Work item
Return all of the data exactly as written, without the pictures.

Dataset extract
------

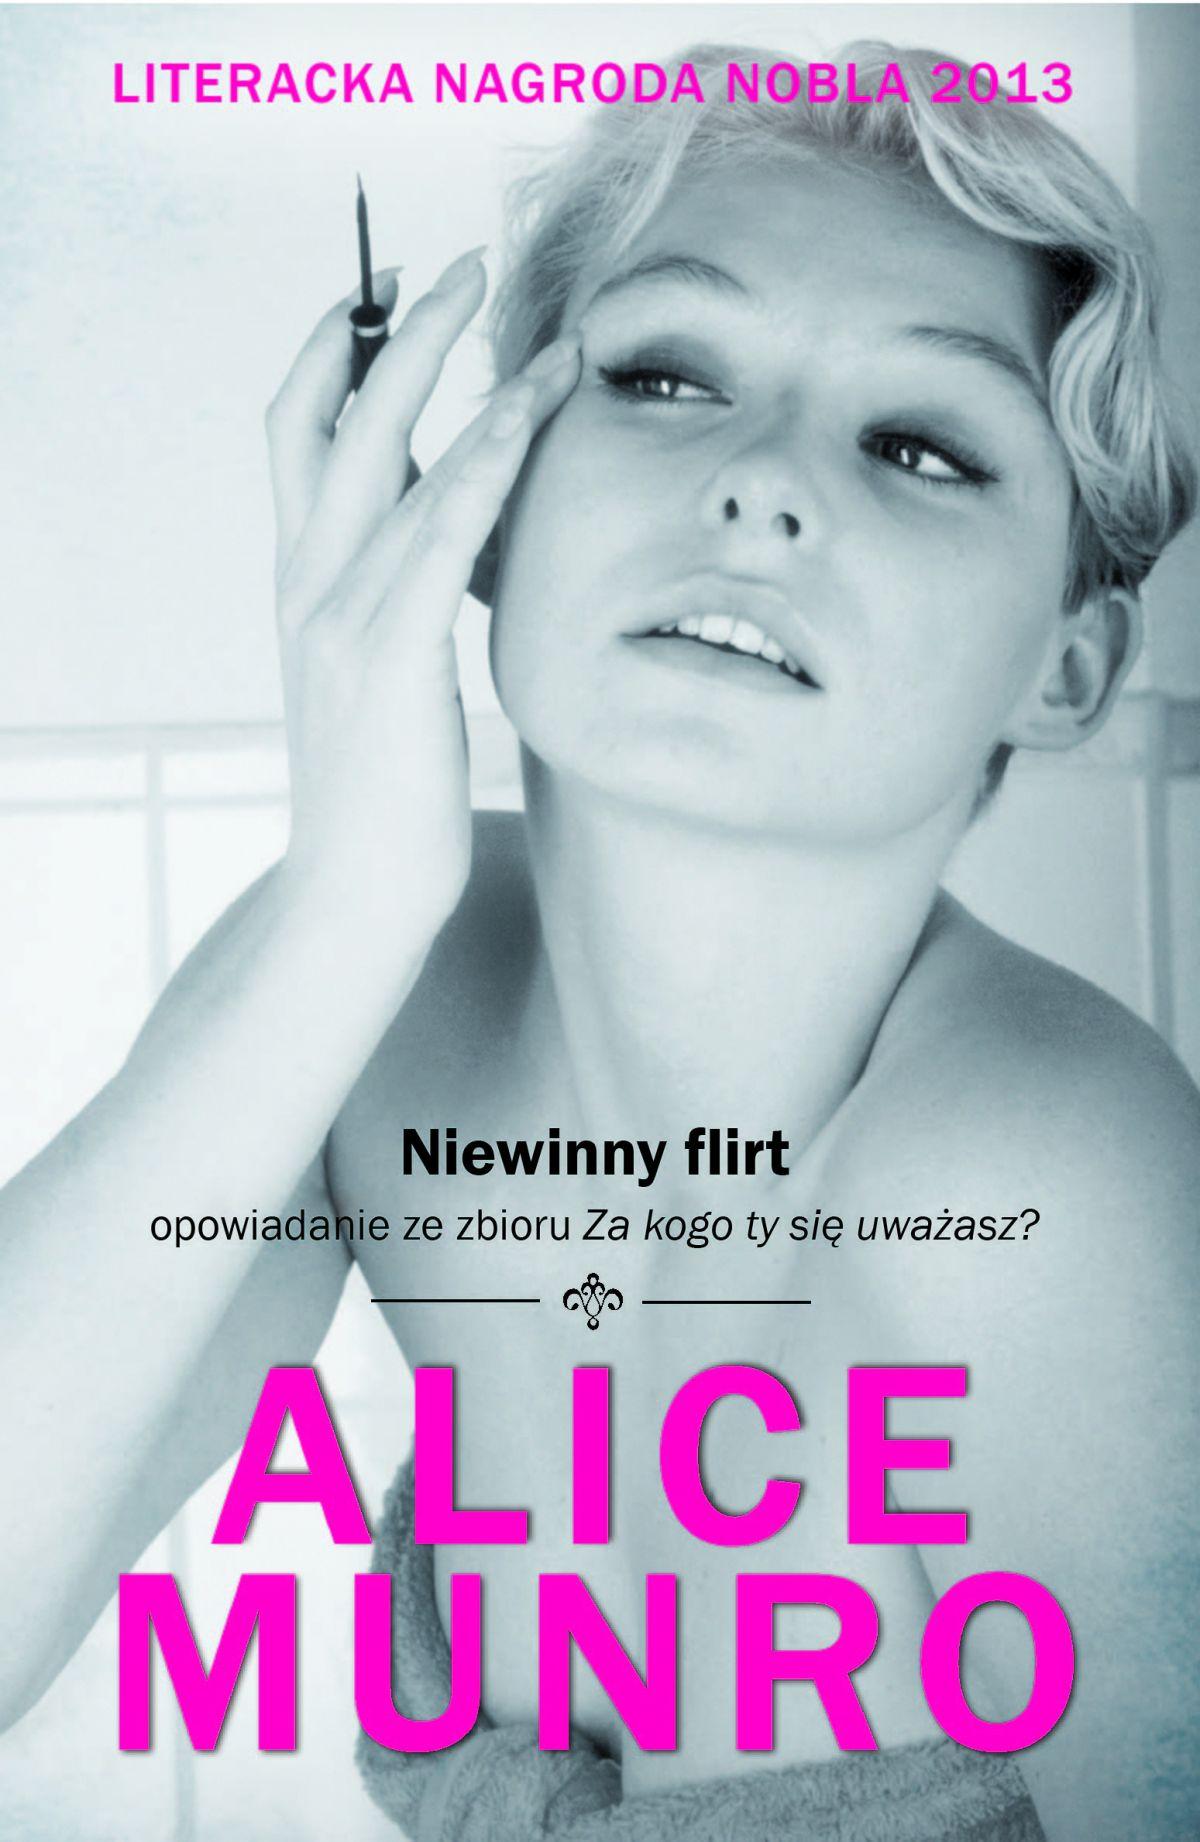 Alice Munro Epub
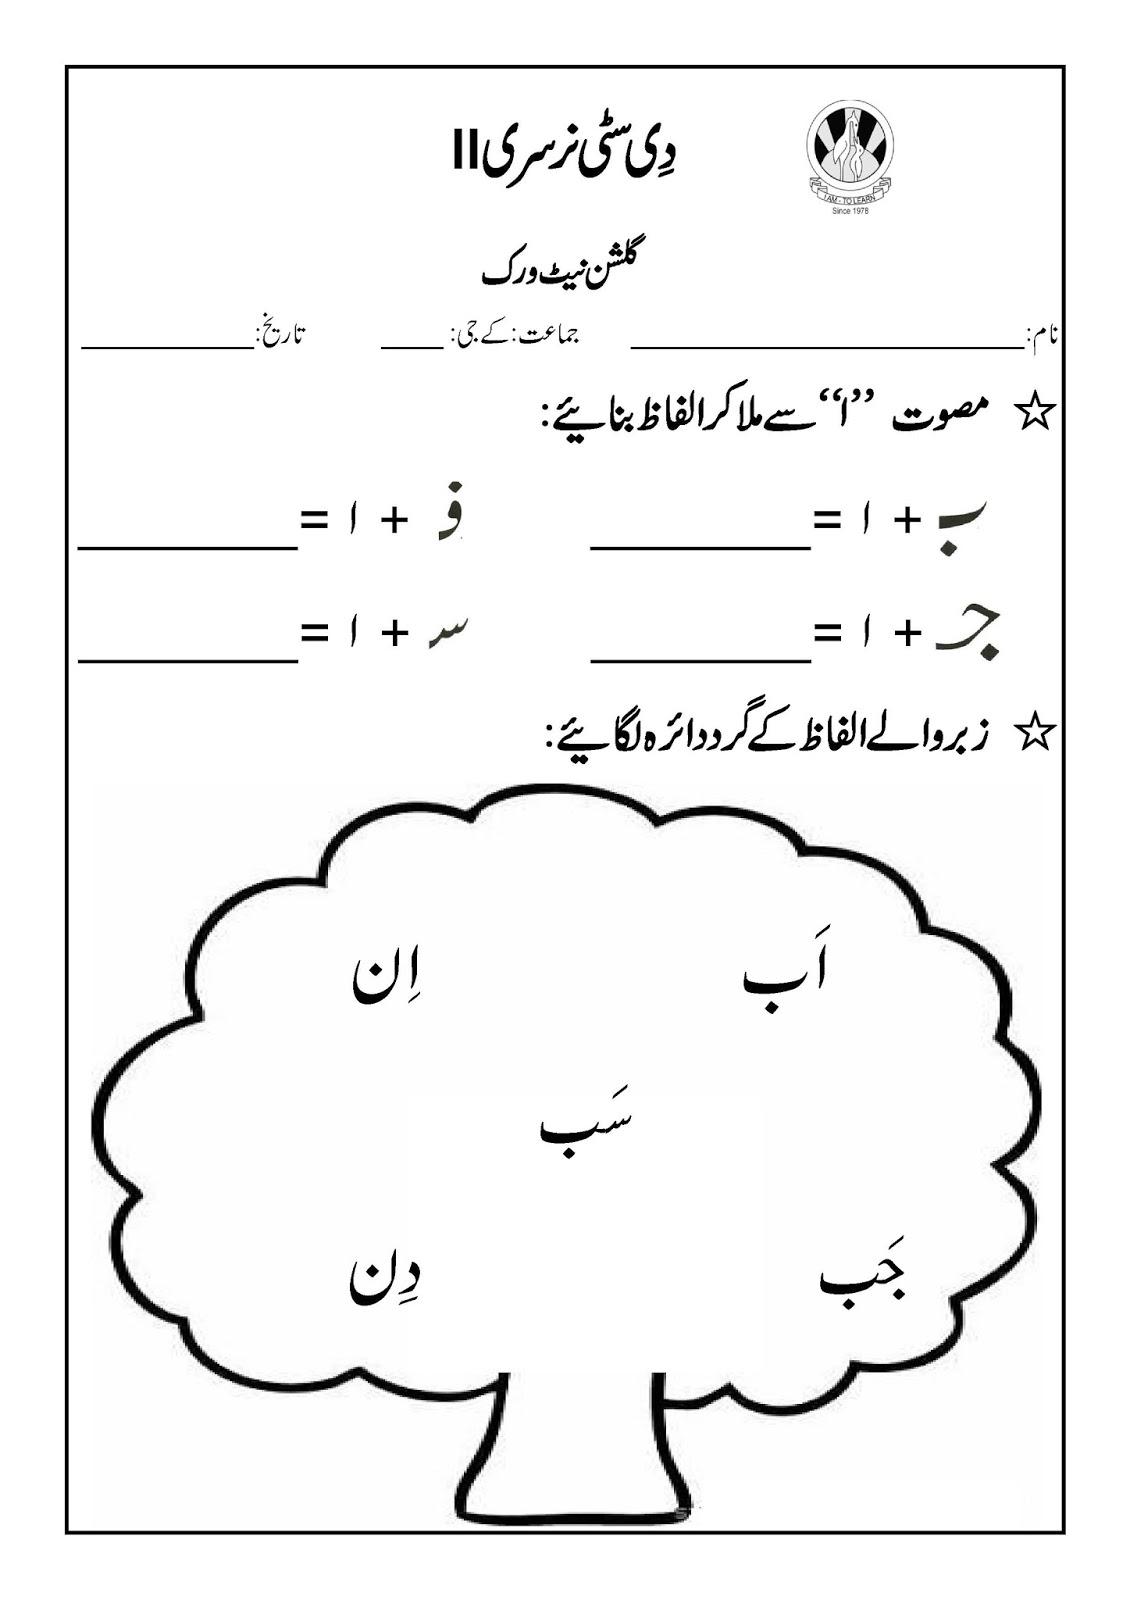 small resolution of Tafheem Worksheets In Urdu   Printable Worksheets and Activities for  Teachers
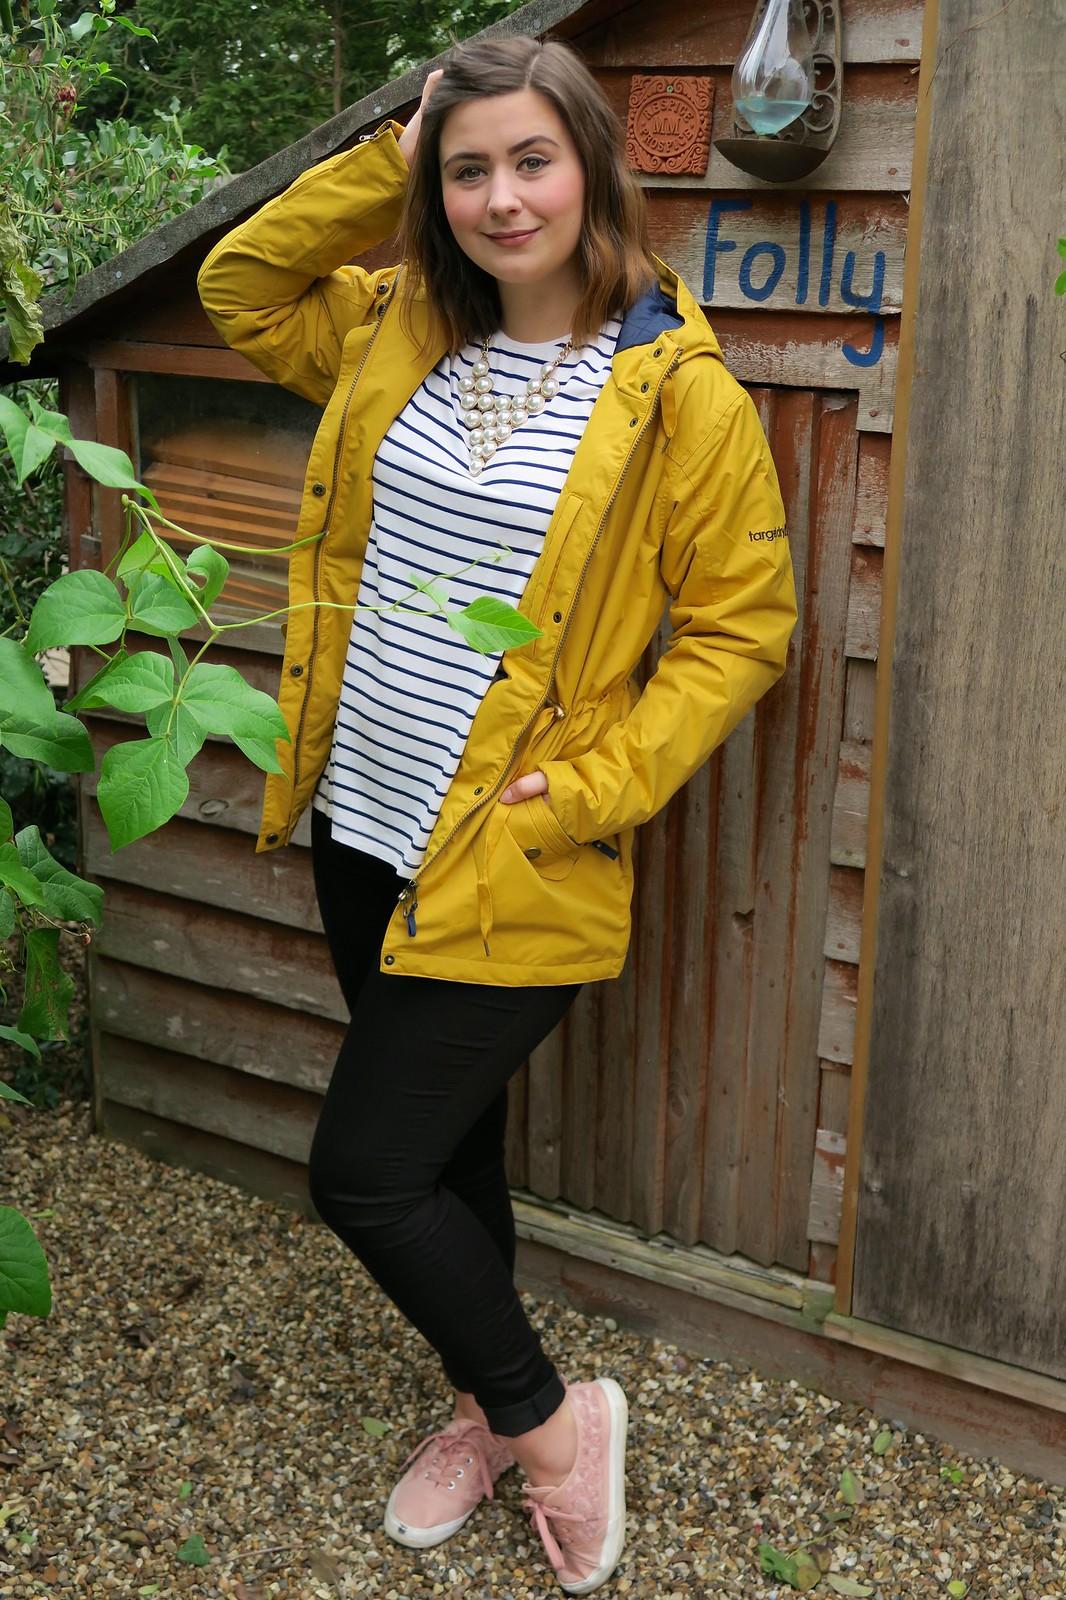 uk fashion blogger scotland edinburgh target dry waterproof coat
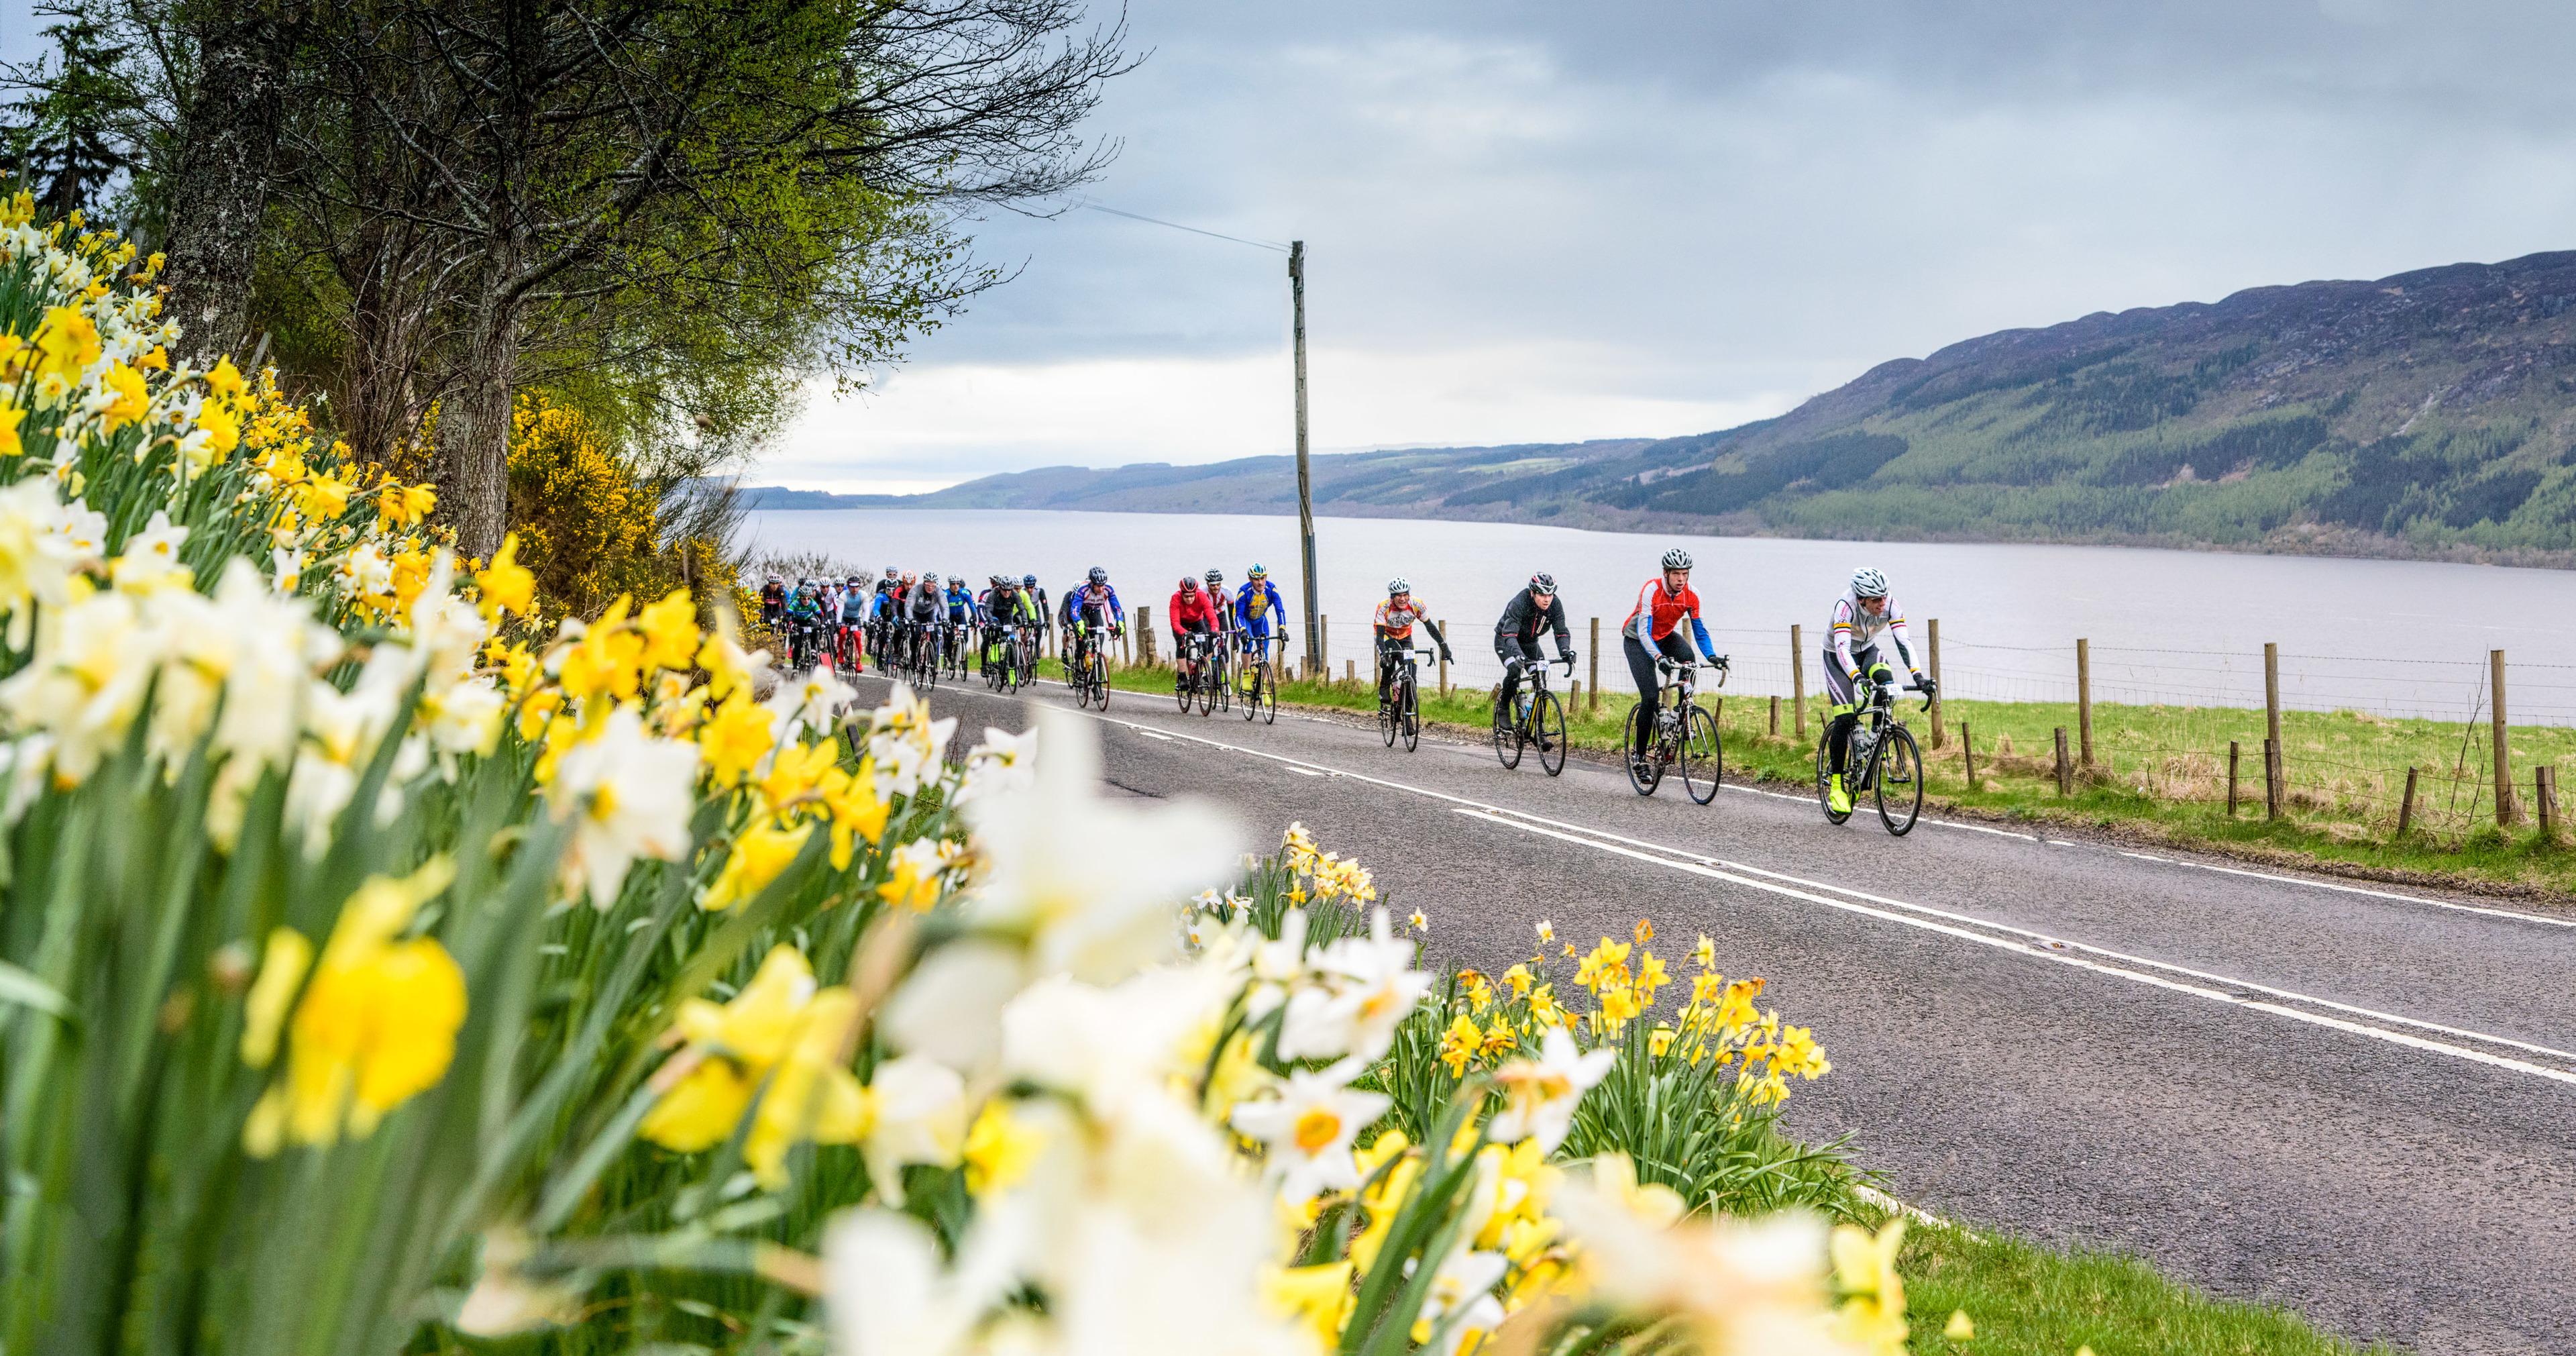 Last year's Etape Loch Ness event.

------

Answer to the exercise
 Alice Munro Epub
 small resolution of Tafheem Worksheets In Urdu   Printable Worksheets and Activities for  Teachers
 uk fashion blogger scotland edinburgh target dry waterproof coat
 Last year's Etape Loch Ness event.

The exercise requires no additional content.